*Dataset excerpts:*
◆ ◆ ◆

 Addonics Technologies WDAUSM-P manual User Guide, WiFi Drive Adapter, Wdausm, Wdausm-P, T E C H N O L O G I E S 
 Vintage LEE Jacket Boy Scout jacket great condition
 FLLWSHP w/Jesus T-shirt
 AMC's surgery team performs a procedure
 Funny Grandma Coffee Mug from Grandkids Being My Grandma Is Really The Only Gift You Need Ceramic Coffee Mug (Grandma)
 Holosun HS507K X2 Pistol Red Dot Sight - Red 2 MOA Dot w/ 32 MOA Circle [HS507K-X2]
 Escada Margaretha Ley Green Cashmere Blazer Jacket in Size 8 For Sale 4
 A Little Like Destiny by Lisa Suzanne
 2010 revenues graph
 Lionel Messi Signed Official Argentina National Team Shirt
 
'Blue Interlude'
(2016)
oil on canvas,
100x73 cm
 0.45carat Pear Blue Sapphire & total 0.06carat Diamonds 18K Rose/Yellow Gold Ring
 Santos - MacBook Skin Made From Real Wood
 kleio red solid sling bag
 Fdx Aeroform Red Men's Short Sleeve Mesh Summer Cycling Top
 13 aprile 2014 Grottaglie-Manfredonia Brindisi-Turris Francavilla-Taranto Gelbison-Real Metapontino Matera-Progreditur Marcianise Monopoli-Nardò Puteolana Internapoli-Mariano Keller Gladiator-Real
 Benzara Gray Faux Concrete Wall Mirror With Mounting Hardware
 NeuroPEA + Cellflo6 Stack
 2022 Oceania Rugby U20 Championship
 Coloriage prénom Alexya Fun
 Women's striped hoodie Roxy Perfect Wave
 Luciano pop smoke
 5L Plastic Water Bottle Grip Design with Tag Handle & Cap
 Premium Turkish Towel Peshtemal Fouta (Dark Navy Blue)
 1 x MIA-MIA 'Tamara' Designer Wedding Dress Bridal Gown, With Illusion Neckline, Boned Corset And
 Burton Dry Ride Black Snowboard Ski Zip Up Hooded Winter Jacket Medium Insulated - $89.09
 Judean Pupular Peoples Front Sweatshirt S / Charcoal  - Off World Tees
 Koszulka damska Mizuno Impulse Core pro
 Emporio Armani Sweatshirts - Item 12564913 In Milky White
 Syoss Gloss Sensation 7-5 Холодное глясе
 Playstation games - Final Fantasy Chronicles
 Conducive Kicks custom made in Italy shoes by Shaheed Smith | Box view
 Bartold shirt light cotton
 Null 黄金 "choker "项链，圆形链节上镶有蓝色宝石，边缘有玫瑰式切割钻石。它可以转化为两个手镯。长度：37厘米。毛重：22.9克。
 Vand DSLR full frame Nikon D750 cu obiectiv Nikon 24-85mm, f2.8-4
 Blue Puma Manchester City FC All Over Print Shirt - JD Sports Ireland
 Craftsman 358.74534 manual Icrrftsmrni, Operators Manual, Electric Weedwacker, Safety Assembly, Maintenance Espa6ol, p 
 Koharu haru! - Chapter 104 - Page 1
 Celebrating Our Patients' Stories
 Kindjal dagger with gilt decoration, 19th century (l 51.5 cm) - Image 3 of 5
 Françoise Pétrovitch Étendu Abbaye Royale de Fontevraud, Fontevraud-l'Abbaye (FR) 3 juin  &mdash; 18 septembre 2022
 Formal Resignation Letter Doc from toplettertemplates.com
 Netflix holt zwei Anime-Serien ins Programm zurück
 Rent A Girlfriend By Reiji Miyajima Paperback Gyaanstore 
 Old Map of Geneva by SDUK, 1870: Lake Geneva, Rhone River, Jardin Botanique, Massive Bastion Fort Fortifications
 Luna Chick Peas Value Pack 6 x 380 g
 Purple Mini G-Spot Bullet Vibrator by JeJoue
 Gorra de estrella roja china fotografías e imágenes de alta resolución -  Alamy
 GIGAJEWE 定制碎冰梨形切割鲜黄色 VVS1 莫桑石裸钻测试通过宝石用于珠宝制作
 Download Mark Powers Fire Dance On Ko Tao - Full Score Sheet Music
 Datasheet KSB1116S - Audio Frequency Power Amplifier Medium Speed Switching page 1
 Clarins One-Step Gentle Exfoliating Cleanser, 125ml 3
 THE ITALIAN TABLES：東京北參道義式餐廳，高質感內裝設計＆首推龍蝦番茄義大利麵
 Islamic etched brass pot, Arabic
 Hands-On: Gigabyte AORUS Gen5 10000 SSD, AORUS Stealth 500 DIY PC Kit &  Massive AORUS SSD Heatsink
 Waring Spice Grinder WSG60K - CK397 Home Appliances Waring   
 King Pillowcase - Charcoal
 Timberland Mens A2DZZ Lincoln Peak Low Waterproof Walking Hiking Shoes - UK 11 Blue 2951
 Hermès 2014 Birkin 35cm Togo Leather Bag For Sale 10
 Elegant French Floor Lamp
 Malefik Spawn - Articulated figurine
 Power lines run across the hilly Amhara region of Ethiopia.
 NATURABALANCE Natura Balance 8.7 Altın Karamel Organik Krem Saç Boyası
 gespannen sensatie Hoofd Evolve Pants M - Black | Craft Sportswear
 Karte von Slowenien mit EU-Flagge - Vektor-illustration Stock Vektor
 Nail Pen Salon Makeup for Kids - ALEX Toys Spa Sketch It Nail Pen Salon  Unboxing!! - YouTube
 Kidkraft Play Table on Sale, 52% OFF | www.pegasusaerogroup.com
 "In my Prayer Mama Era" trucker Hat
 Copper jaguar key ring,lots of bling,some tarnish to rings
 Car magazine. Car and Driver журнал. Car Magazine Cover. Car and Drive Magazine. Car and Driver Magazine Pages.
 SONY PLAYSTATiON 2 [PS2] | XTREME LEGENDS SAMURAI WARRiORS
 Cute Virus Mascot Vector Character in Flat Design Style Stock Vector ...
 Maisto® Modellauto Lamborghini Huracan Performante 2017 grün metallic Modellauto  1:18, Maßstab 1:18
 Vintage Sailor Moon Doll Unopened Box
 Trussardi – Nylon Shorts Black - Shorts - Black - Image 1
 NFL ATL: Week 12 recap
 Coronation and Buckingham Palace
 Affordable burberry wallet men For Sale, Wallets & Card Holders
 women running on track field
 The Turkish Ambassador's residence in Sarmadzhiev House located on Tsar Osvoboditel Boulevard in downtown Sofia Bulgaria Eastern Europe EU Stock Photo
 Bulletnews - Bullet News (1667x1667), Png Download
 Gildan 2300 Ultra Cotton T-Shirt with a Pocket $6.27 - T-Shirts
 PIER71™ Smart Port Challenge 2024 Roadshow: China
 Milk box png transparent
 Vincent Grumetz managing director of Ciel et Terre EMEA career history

◆ ◆ ◆

*Exercise goal:*
In the records above, copy exactly the lines from the one that contains "Elegant French Floor Lamp" through the last, and nothing else.

*Your solution:*
 Elegant French Floor Lamp
 Malefik Spawn - Articulated figurine
 Power lines run across the hilly Amhara region of Ethiopia.
 NATURABALANCE Natura Balance 8.7 Altın Karamel Organik Krem Saç Boyası
 gespannen sensatie Hoofd Evolve Pants M - Black | Craft Sportswear
 Karte von Slowenien mit EU-Flagge - Vektor-illustration Stock Vektor
 Nail Pen Salon Makeup for Kids - ALEX Toys Spa Sketch It Nail Pen Salon  Unboxing!! - YouTube
 Kidkraft Play Table on Sale, 52% OFF | www.pegasusaerogroup.com
 "In my Prayer Mama Era" trucker Hat
 Copper jaguar key ring,lots of bling,some tarnish to rings
 Car magazine. Car and Driver журнал. Car Magazine Cover. Car and Drive Magazine. Car and Driver Magazine Pages.
 SONY PLAYSTATiON 2 [PS2] | XTREME LEGENDS SAMURAI WARRiORS
 Cute Virus Mascot Vector Character in Flat Design Style Stock Vector ...
 Maisto® Modellauto Lamborghini Huracan Performante 2017 grün metallic Modellauto  1:18, Maßstab 1:18
 Vintage Sailor Moon Doll Unopened Box
 Trussardi – Nylon Shorts Black - Shorts - Black - Image 1
 NFL ATL: Week 12 recap
 Coronation and Buckingham Palace
 Affordable burberry wallet men For Sale, Wallets & Card Holders
 women running on track field
 The Turkish Ambassador's residence in Sarmadzhiev House located on Tsar Osvoboditel Boulevard in downtown Sofia Bulgaria Eastern Europe EU Stock Photo
 Bulletnews - Bullet News (1667x1667), Png Download
 Gildan 2300 Ultra Cotton T-Shirt with a Pocket $6.27 - T-Shirts
 PIER71™ Smart Port Challenge 2024 Roadshow: China
 Milk box png transparent
 Vincent Grumetz managing director of Ciel et Terre EMEA career history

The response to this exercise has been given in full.